Frei Rovílio Costa, nós só podemos lhe dizer: muito obrigado por tudo que tem feito e por tudo que fará ainda pelas letras, pela cultura, pela educação do nosso Estado. Nós precisamos muito do seu trabalho, precisamos que o senhor produza, cada vez mais, que continue a abraçar as letras da forma que tem feito até agora, que ensine tantos outros Antonio Hohlfeldt a editar livros, que ajude a tantos outros a fazer crescer o nosso mundo cultural. Esta juventude que aí está precisa, porque, lamentavelmente, a cada dia que passa o nível cultural da nossa juventude decai, e nós nos sentimos, cada vez mais, envergonhados. Quando pedimos para um jovem que concluiu o 2º grau escrever alguma coisa, dói no coração. Quando pedimos para um universitário escrever alguma coisa, dói no coração. O nosso português, quase que as pessoas já não sabem bem o que é. Isto tudo reflete na necessidade que temos, todos nós, de fazer com que a educação seja revitalizada. A educação em todos os níveis: na escola particular, na escola pública, nas universidades públicas, nas universidades particulares, para que nós possamos resgatar, de fato, um futuro para o nosso País, que não estamos sabendo construir. Precisamos de muitos Rovílio Costa espalhados por este Rio Grande e por este País; precisamos de muitos educadores qualificados; precisamos que estas sementes germinem, para que possamos dizer a esta geração que o Brasil tem futuro. Muito obrigado por toda a sua contribuição e continue nesta caminhada.

 

(Não revisto pelo orador.)

 

O SR. PRESIDENTE: A Mesa registra a presença da professora Vera Regina Pires de Morais, Pró-Reitora de Graduação da Universidade Federal do Rio Grande do Sul, em exercício.
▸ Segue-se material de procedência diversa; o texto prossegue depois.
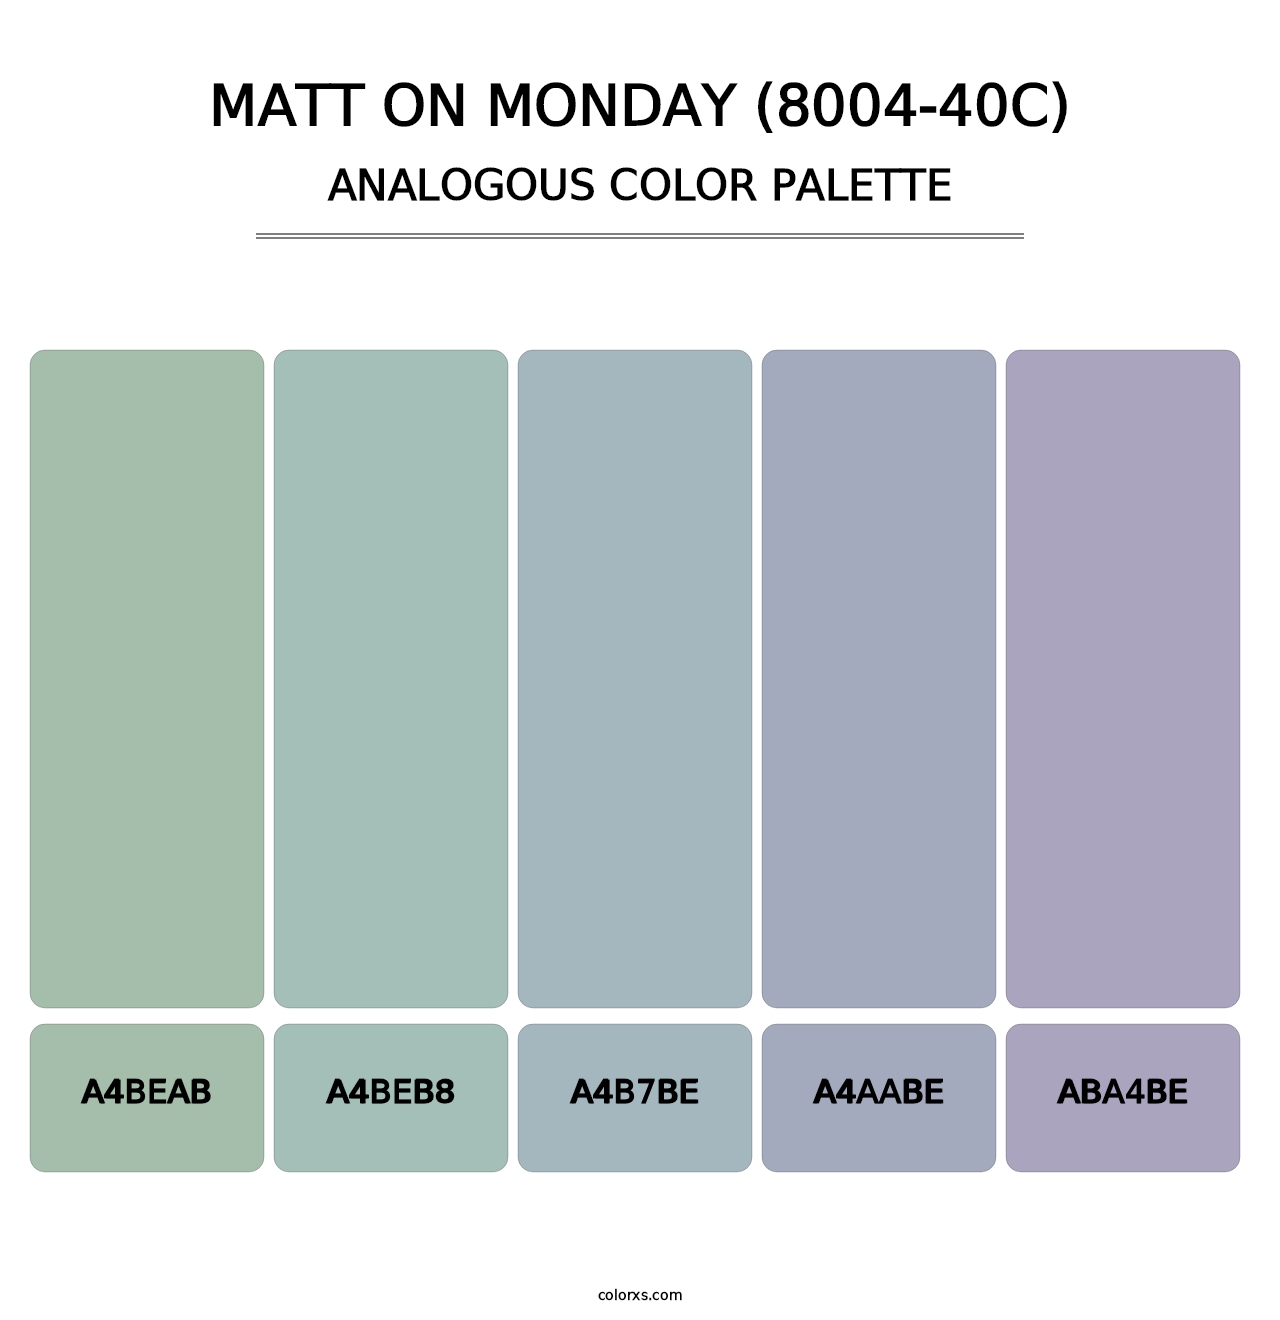 Matt on Monday (8004-40C) - Analogous Color Palette

O serviço de Relações Públicas da Câmara de Vereadores registra mais de cem mensagens oriundas de vários pontos do Rio Grande do Sul, de Santa Catarina e do Paraná. Todas elas de cumprimento ao Mestre Rovílio e também a V. Exa., que, com tanta felicidade, soube requerer e obter a concessão deste merecido prêmio ao homenageado. Entre essas comunicações eu citaria algumas, como por exemplo: do General de Brigada Édson Machado, Chefe do Estado Maior do Comando Militar do Sul, que não só cumprimenta o homenageado como também faz referências à representação do Comando neste ato; da Dra. Eunice Machado, Procuradora-Geral do Estado; do Sr. Francisco Zago, Presidente da Câmara Municipal de Veranópolis; também da Câmara de Veranópolis, do Ver. Décio Costa; da Sra. Helena Confortin, da Universidade Federal de Ijuí, Campus de Erexim; da Federação das Associações Italianas do Norte do Rio Grande do Sul, a FAINORT. Ainda, do Dep. Hélio Lino Rusch, da Assembléia Legislativa do Estado do Paraná. E mais: do Sr. Paulo Bernardes, de Florianópolis, SC; do Sr. Egídio Ferronato, da Universidade de Passo Fundo; de Vernes Runch, da Associação Italiana, que, juntamente com a Sra. Solange, são algumas de mais de uma centena de manifestações que registramos aqui na Casa, o que demonstra todo o júbilo da comunidade italiana, de todos aqueles que conheceram e conhecem o trabalho que o nosso homenageado com tanto destaque realiza.

Tenho a honra de convidar o Ver. Antonio Hohlfeldt para que entregue ao Frei Rovílio Costa o pergaminho pelo qual a Câmara Municipal de Porto Alegre, nos termos da Resolução 725, de 22.10.79, confere o Prêmio Literário “Érico Veríssimo” ao Frei Rovílio Costa, por sua valiosa contribuição para o enriquecimento das letras nacionais.

 

(É feita a entrega do prêmio pelo Ver. Antonio Hohlfeldt.) (Palmas.)

 

Gostaria que o nosso homenageado levasse consigo uma recordação da Câmara de Vereadores, que festejou os dez anos de permanência na sua nova Casa, propiciando a edição do livro “Porto Alegre à Beira do Rio e em Meu Coração”. Para que esteja no coração do nosso homenageado a nossa Cidade, eu tenho a satisfação de, em nome da Câmara Municipal, entregar-lhe o livro.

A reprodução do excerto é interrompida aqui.